Берлин был центром культурной, деловой и политической жизни русской эмиграции в Германии: здесь было множество профессиональных, благотворительных, политических организаций, издательств, выходили многочисленные (хотя чаще всего недолговечные) газеты и журналы[3].

Привлекательными Германию вообще и Берлин в особенности для русских эмигрантов делали не только относительная географическая близость к России и сравнительно либеральное по отношению к иностранцам законодательство, но и гиперинфляция, впервые в ХХ столетии поразившая европейскую страну[4]. За четыре месяца с июля по ноябрь 1923 года денежная масса выросла в 132 тыс. раз, уровень цен – в 854 тыс. раз, курс доллара – почти в 400 тыс. раз. Таким образом, обладатели твердой валюты, хотя бы в незначительном количестве, могли существовать в Германии сравнительно неплохо. Даже при цене буханки ржаного хлеба 430 млрд марок, а килограмма сливочного масла – 6 трлн[5]. И.В. Гессен однажды погасил 75-миллионный долг за ремонт центрального отопления в квартире 50 американскими центами[6].

В конце 1923 года закончилась гиперинфляция – кончилась и роль Берлина в качестве столицы русской эмиграции. На 1 января 1927 года в Берлине насчитывалось 15 500 русских эмигрантов. Конец русского Берлина «как уникального микрокосма», по выражению Готфрида Кратца, датируется 1933 годом, годом прихода нацистов к власти, когда численность русских эмигрантов в Берлине снизилась до 10 тыс. человек[7]. Ясно, что российские эмигранты-евреи должны были в первых рядах стремиться покинуть страну, к власти в которой пришла партия, открыто исповедовавшая антисемитизм. В тот момент мало кто мог представить, сколь далеко готовы зайти нацисты в своей борьбе с «мировым еврейством», однако в направленности их политики сомневаться не приходилось. Что подтвердили последовавшие вскоре меры, направленные на ограничение – поначалу! – участия евреев в экономической, политической и культурной жизни страны. В то же время далеко не все сумели (или захотели) уехать из Германии сразу после прихода Гитлера к власти. «Еврейская жизнь» теплилась в Германии вплоть до конца 1930-х – начала 1940-х годов.

История русско-еврейской эмиграции в 1930-х годах изучена, на наш взгляд, явно недостаточно. Между тем это был чрезвычайно важный период: «кочевье», завершившееся в начале 1940-х годов возникновением новой столицы русско-еврейской эмиграции – Нью-Йорка, сменившего в этом качестве Берлин и Париж; канун Катастрофы, в которой погибли сотни евреев-эмигрантов, бежавших некогда от большевиков.
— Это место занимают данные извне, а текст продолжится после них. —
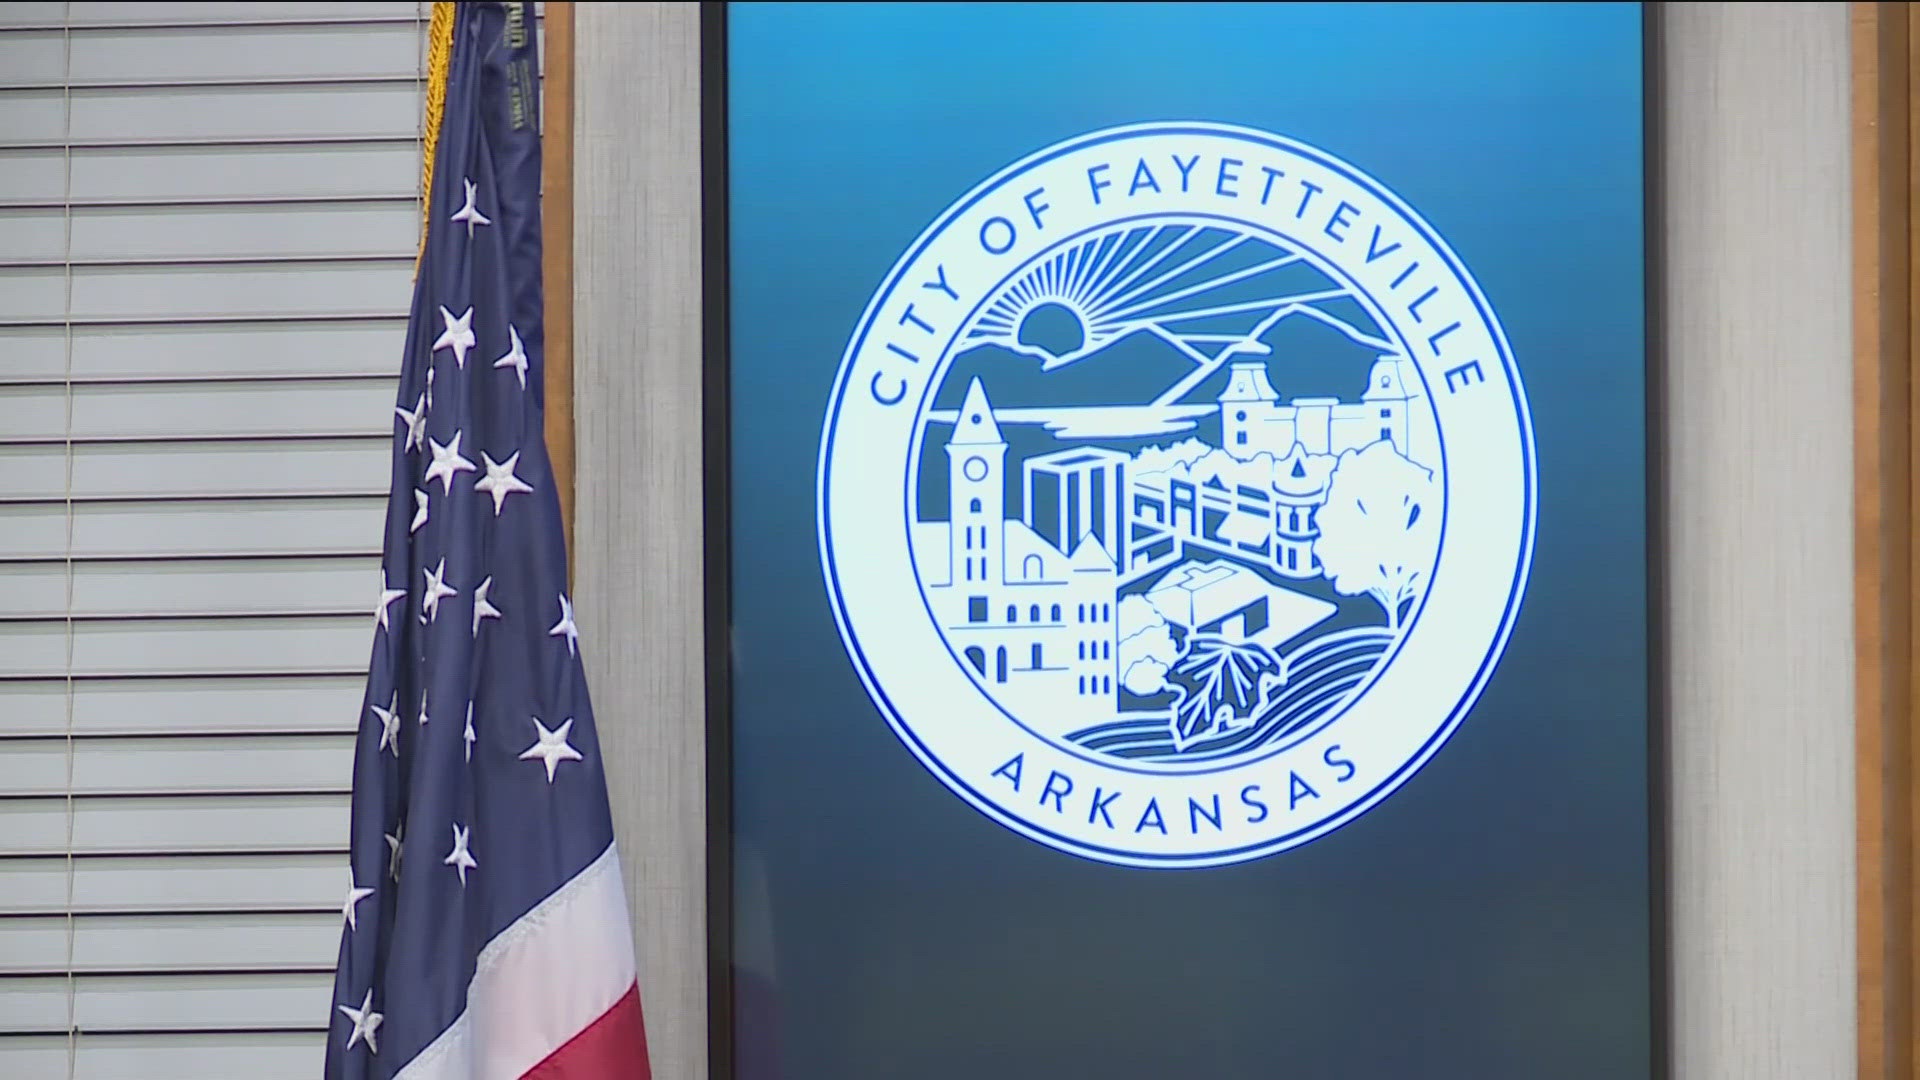 Check out the highlights of the Fayetteville Council meeting that lasted six hours.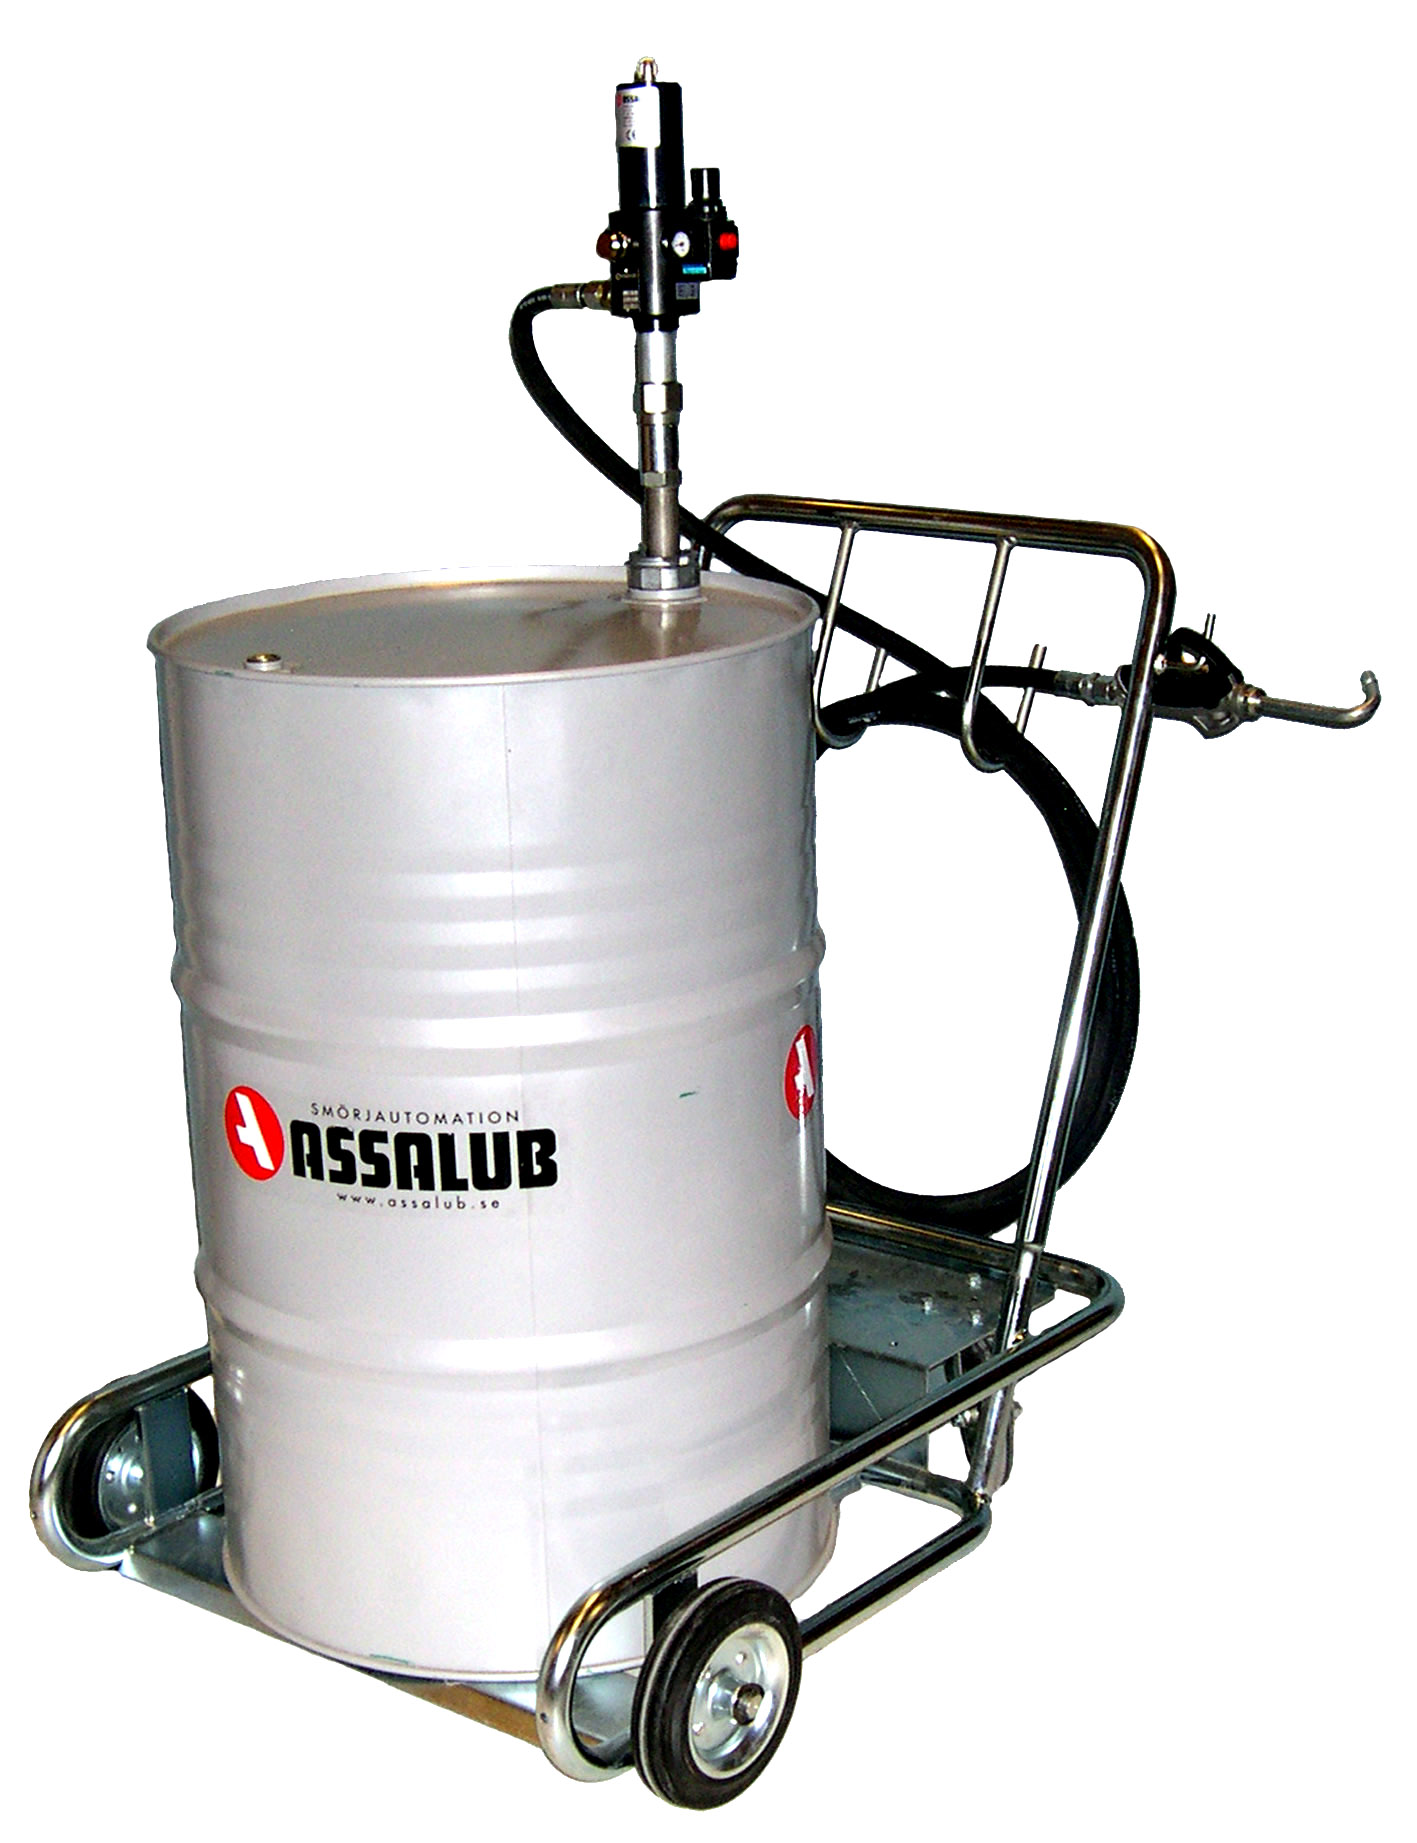 Mobile oil unit, for 1/1-drum, with air-operated pump, ratio 1:3 and  digital hand meter

Как сложилась жизнь всех евреев-эмигрантов, мы, увы, вряд ли когда-нибудь установим, однако мы можем проследить судьбы и размышления нескольких русских евреев, принадлежавших к интеллектуальной и профессиональной элите русского зарубежья. Сделать это позволяет уникальный источник – обширная переписка А.А. Гольденвейзера с его друзьями и коллегами за 1938–1941 годы, хранящаяся в его личном фонде в Бахметевском архиве при Колумбийском университете.

 

Алексей Александрович Гольденвейзер (1890–1979) был заметной фигурой на доске русско-еврейского Берлина[8]. Он был сыном известного киевского адвоката, получил прекрасное образование: учился в Первой киевской гимназии, затем изучал юрис­пруденцию в Киевском, Гейдельбергском и Берлинском университетах. Впоследствии, став, как и отец, адвокатом, Гольденвейзер-младший принимал активное участие в «еврейской политике» в Киеве. В 1917 году он был секретарем Совета объединенных еврейских организаций города Киева, одним из организаторов киевского еврейского демократического союза «Единение» и делегатом Всероссийской еврейской конференции в Петрограде, а в апреле 1918-го состоял членом Малой рады Украинской Народной Республики.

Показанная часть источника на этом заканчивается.